### Raw data
= = = = =
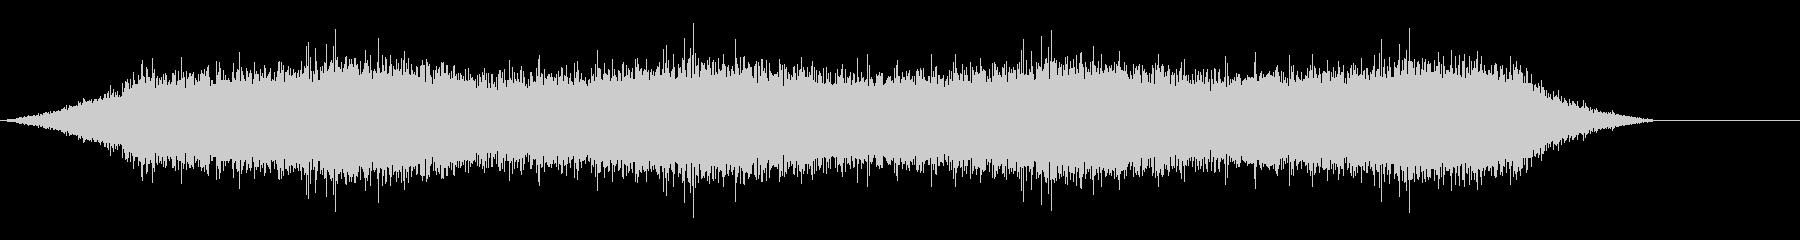 パチパチパチ(大人数の拍手の効果音)の未再生の波形
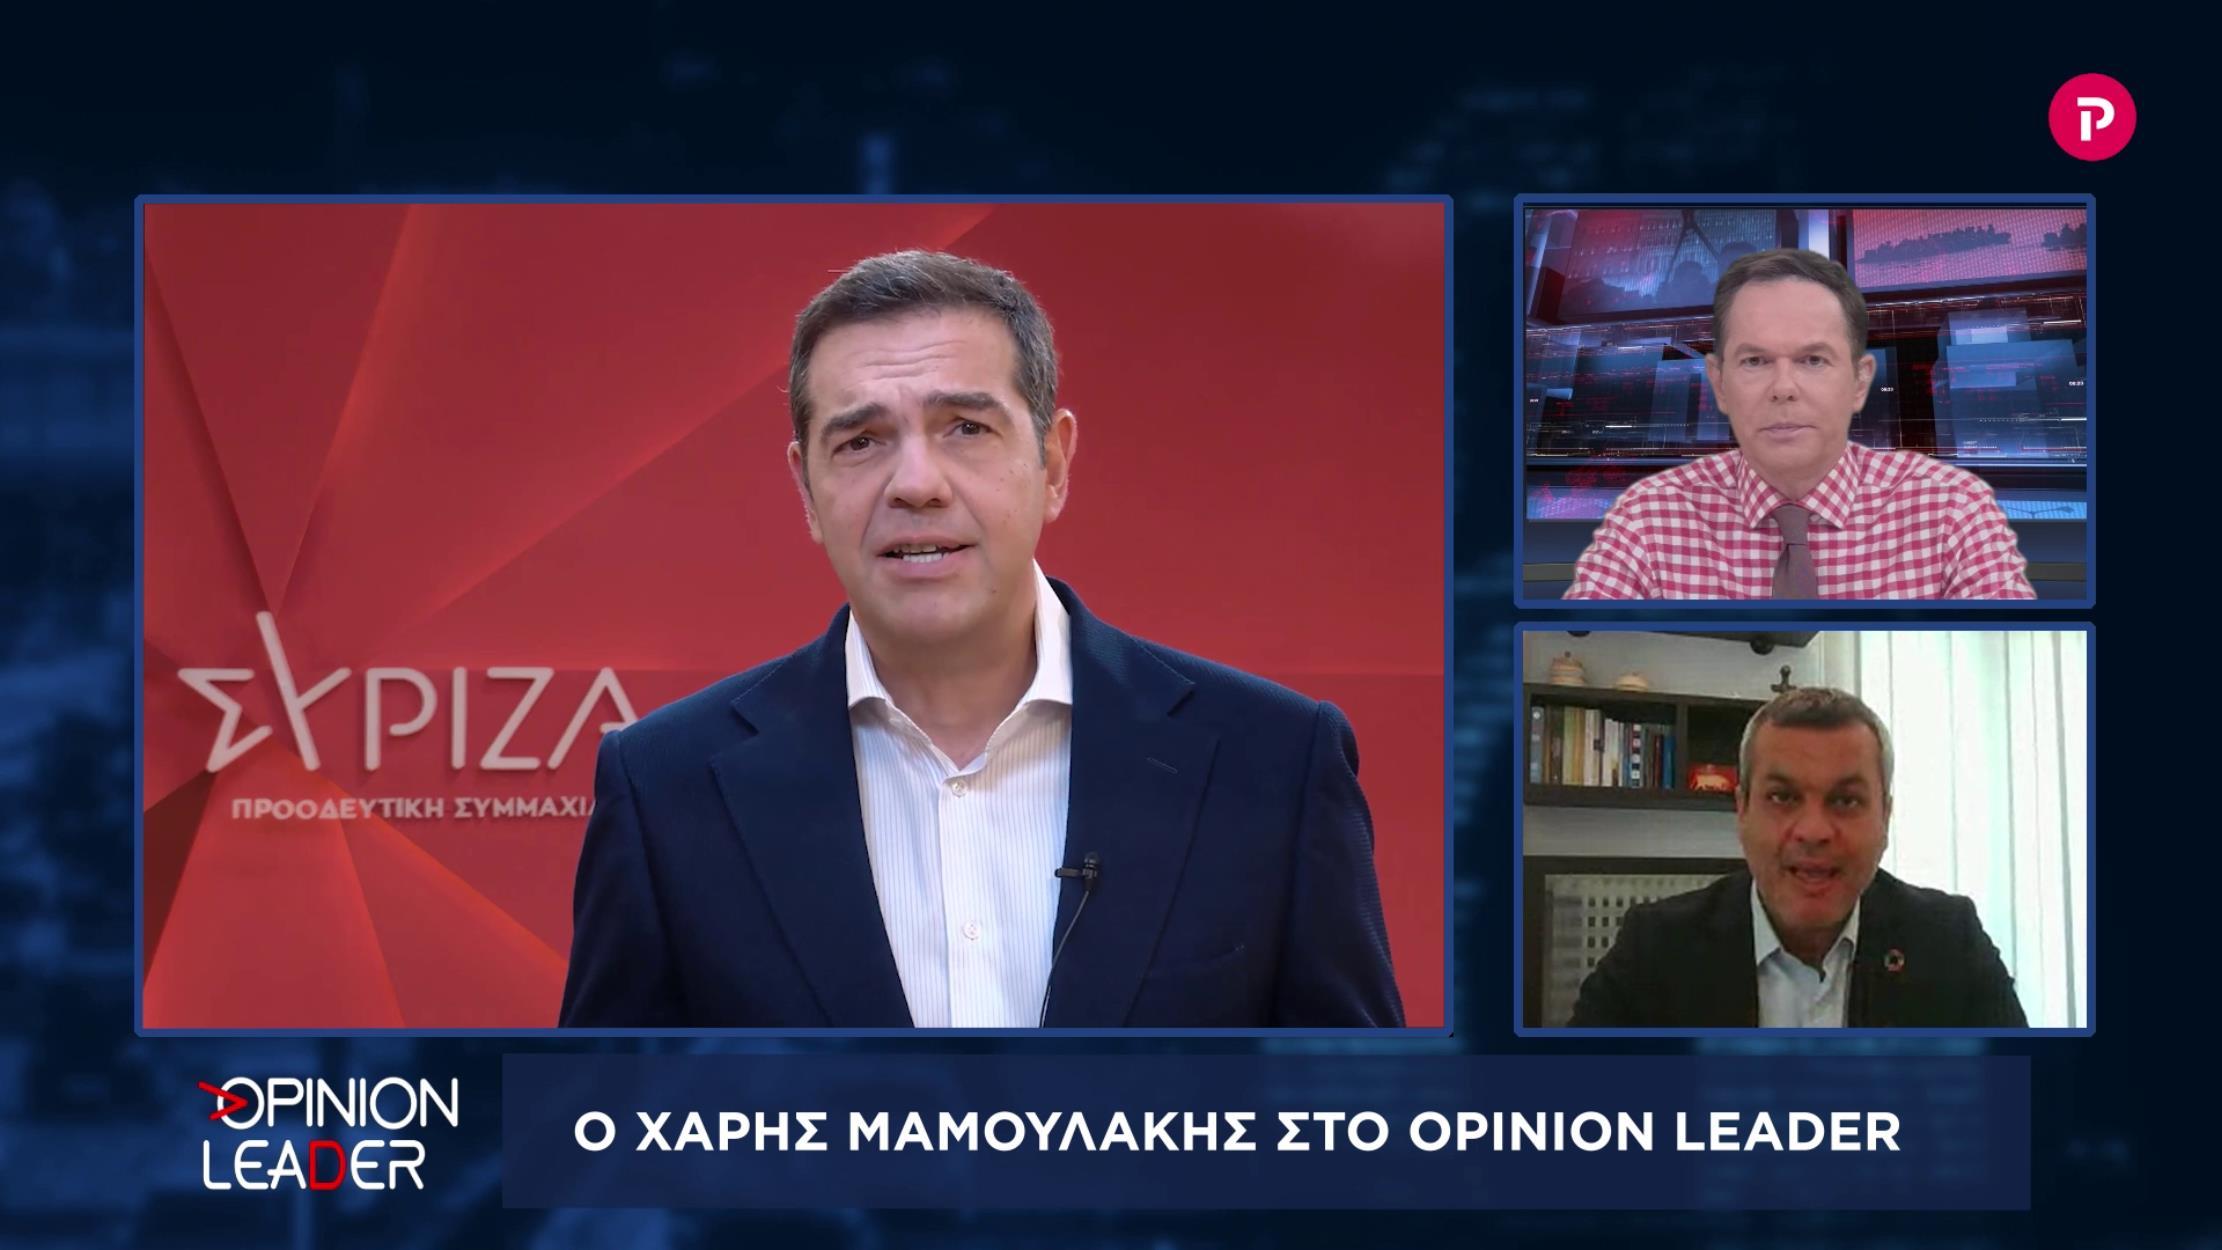 Χάρης Μαμουλάκης στο pagenews.gr
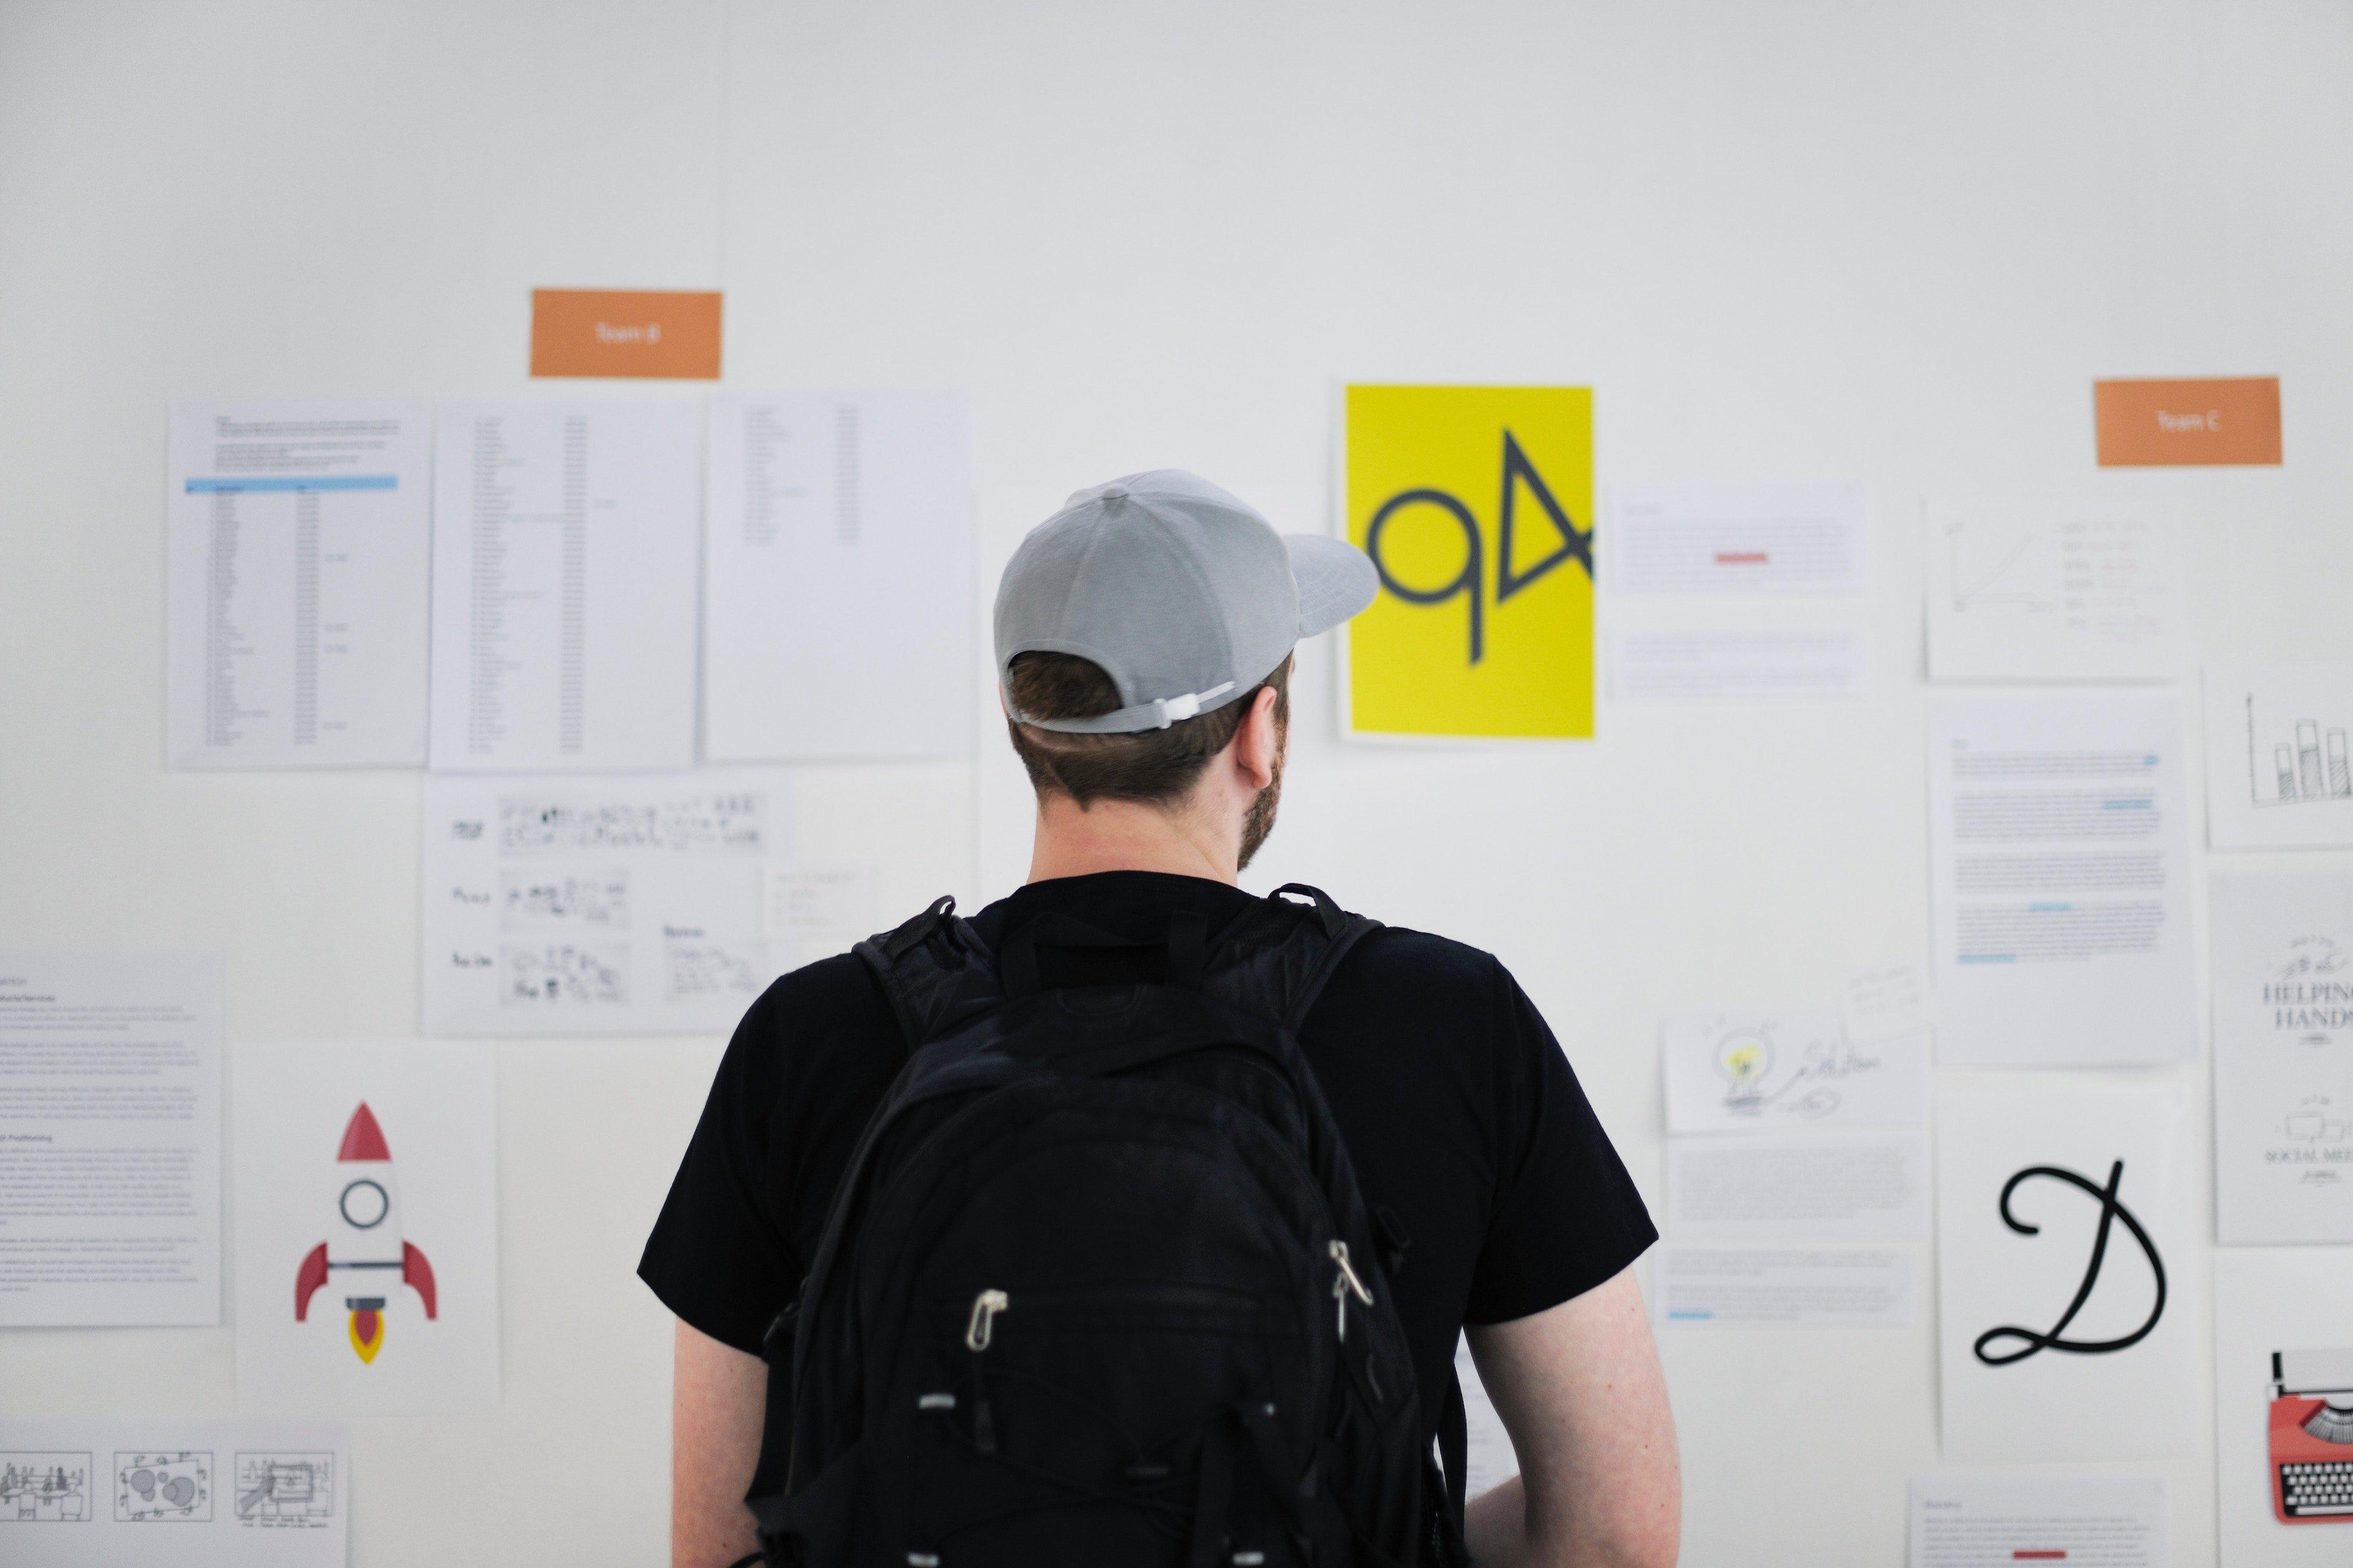 man looking at brainstorm wall
= = = = =
### Work instruction
All lines from the one holding "Χάρης Μαμουλάκης στο pagenews.gr" to the end of the listing above need to be duplicated exactly. None of the pictures should be included.

### Expected output
 Χάρης Μαμουλάκης στο pagenews.gr
 man looking at brainstorm wall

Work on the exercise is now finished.